1

https://regex101.com/ <- for those who want to test regex.

I'm working on Indonesian price parser.

Say, I have below examples:

1) 150 k
2) 150 kilobyte
3) 150 ka
4) 150 k2
5) 150 k)
6) 150 k.

We know 1), 5), 6) can be the price, while remains obviously cannot be.
My regex is bit complicated in real, but for simplicity,

Let's say my regex is: [0-9]+(\s*[k])

This catches 1) to 6), all of them.

So I put [^0-9a-zA-Z] to regex: [0-9]+(\s*[k])[^0-9a-zA-Z]

Now I got 1), 5), 6) only, and this is fine.

However, the problem is... they have unnecessary suffix like [ ) , ]

How can I parse just '150 k' without any suffix like [ ) , ] which is not related to price information?

Should I have one more process after get 5), 6) manually getting rid of those suffices?

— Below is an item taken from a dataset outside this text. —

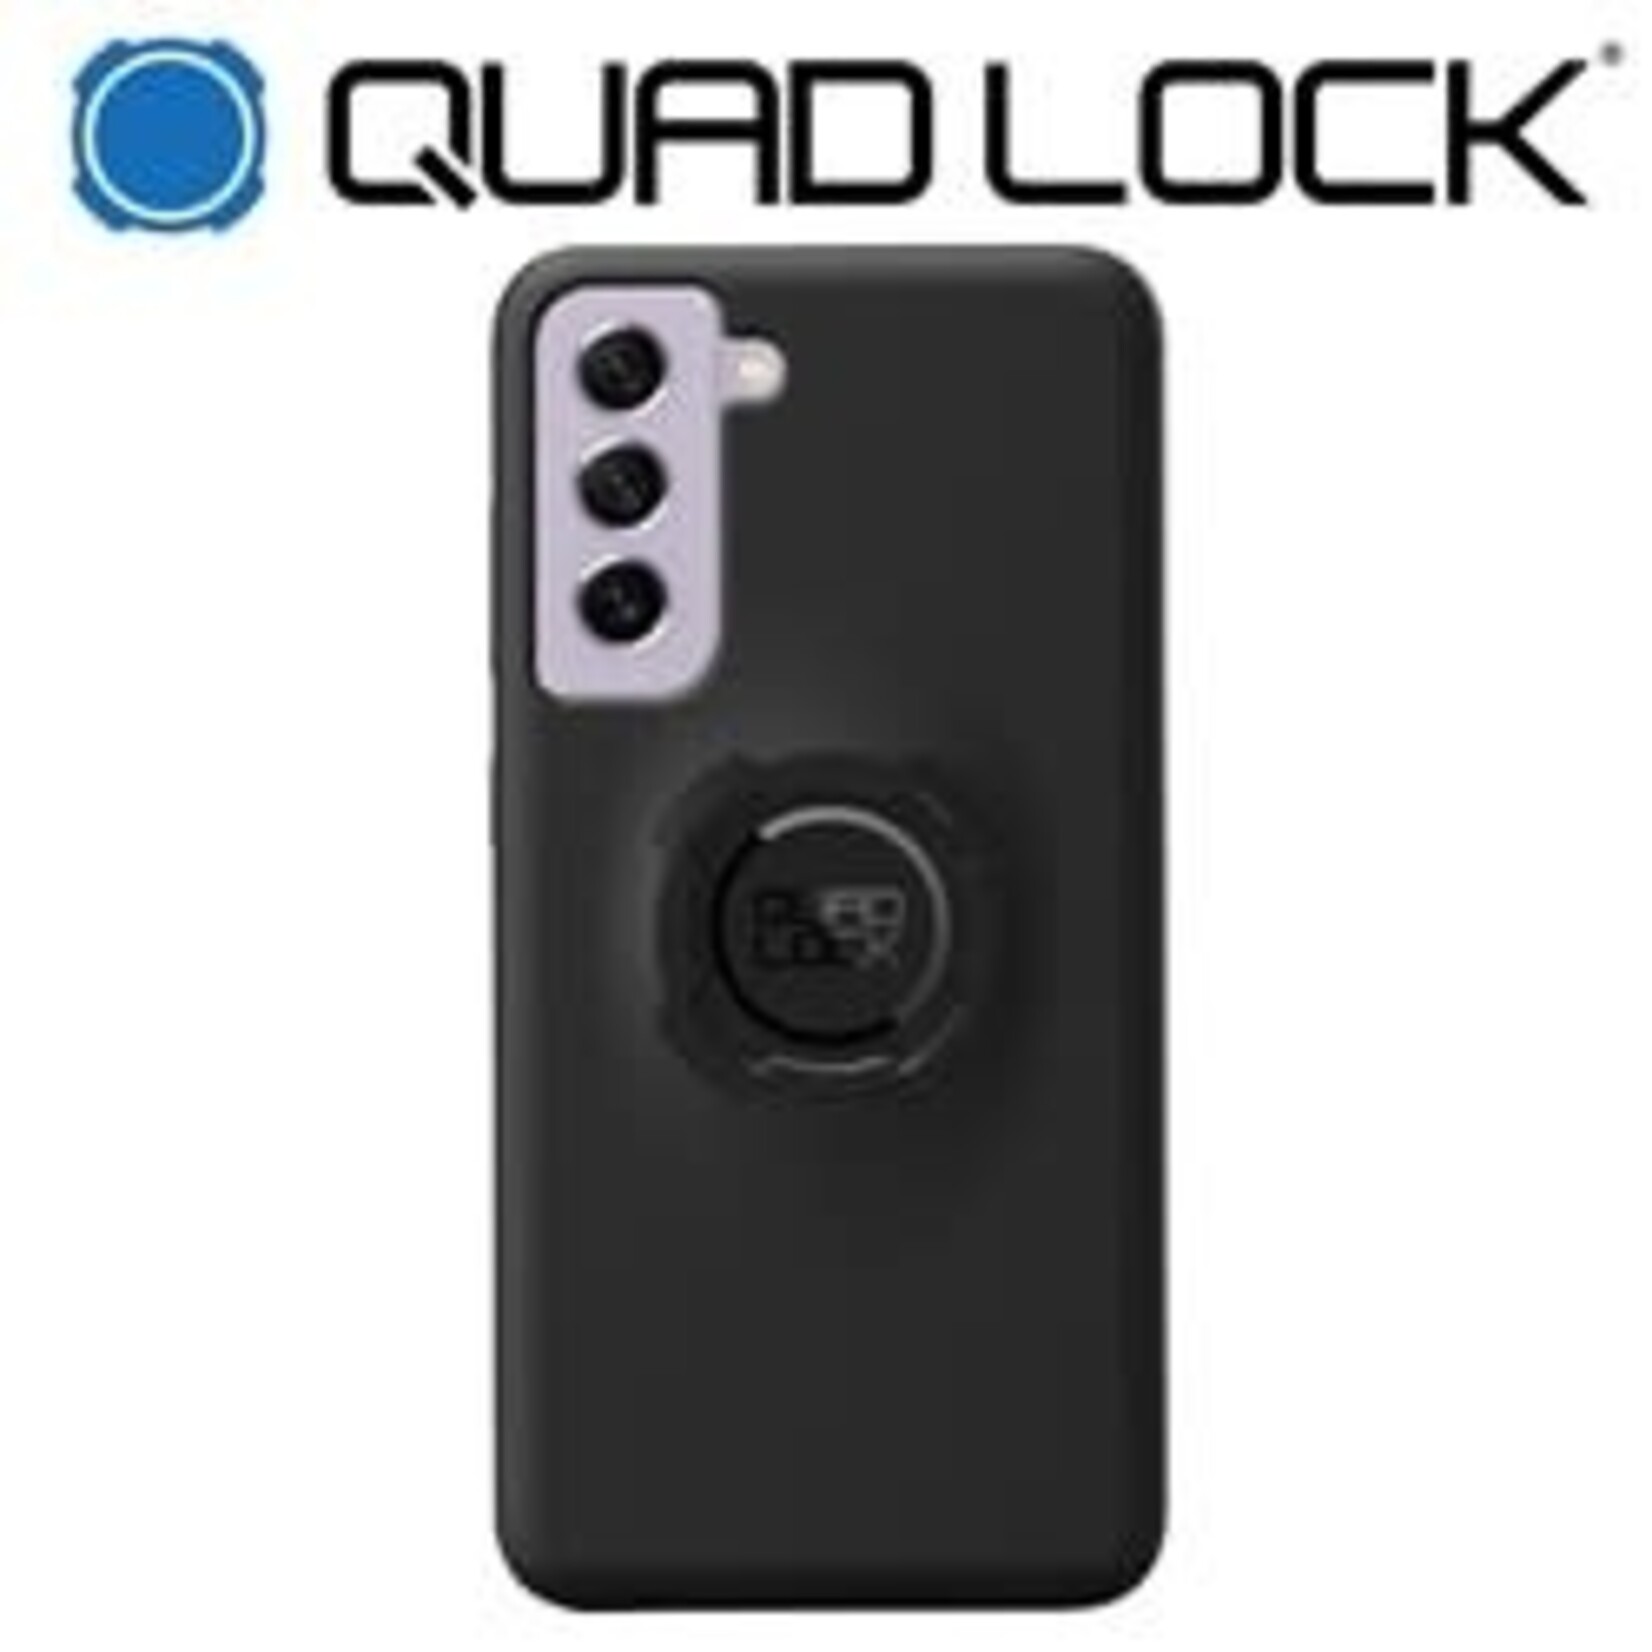 Quad Lock QUADLOCK Samsung Case

Thank you in advance to any idea.

Kobi
  • 135,331
  • 41
  • 252
  • 292
kispi
  • 185
  • 1
  • 12
  • @Adrian - You shouldn't have removed the Go tag. The Regex description asks for the programming language - "Since regular expressions are not fully standardized, all questions with this tag should also include a tag specifying the applicable programming language or tool". Many things are not implemented in re2, so the Go tag is useful. Thanks! – Kobi Sep 09 '17 at 05:59
  • Then that should be mentioned in the question body, not just in a tag. With no mention whatsoever in the body, the tag is pointless. – Adrian Sep 09 '17 at 12:00

2 Answers2

2

You can use a word boundary - \b. You can also use one at the start, instead of the space:

\b[0-9]+\s*k\b

Working example: https://regex101.com/r/RAF2Vg/3

Kobi
  • 135,331
  • 41
  • 252
  • 292
2

I think (\d+\s*k)\b will serve your purpose. It will check if after the 'k' a word boundary has been reached. This word boundary can be anything, yes, even a ). Look at this example

Marc Lambrichs
  • 2,864
  • 2
  • 13
  • 14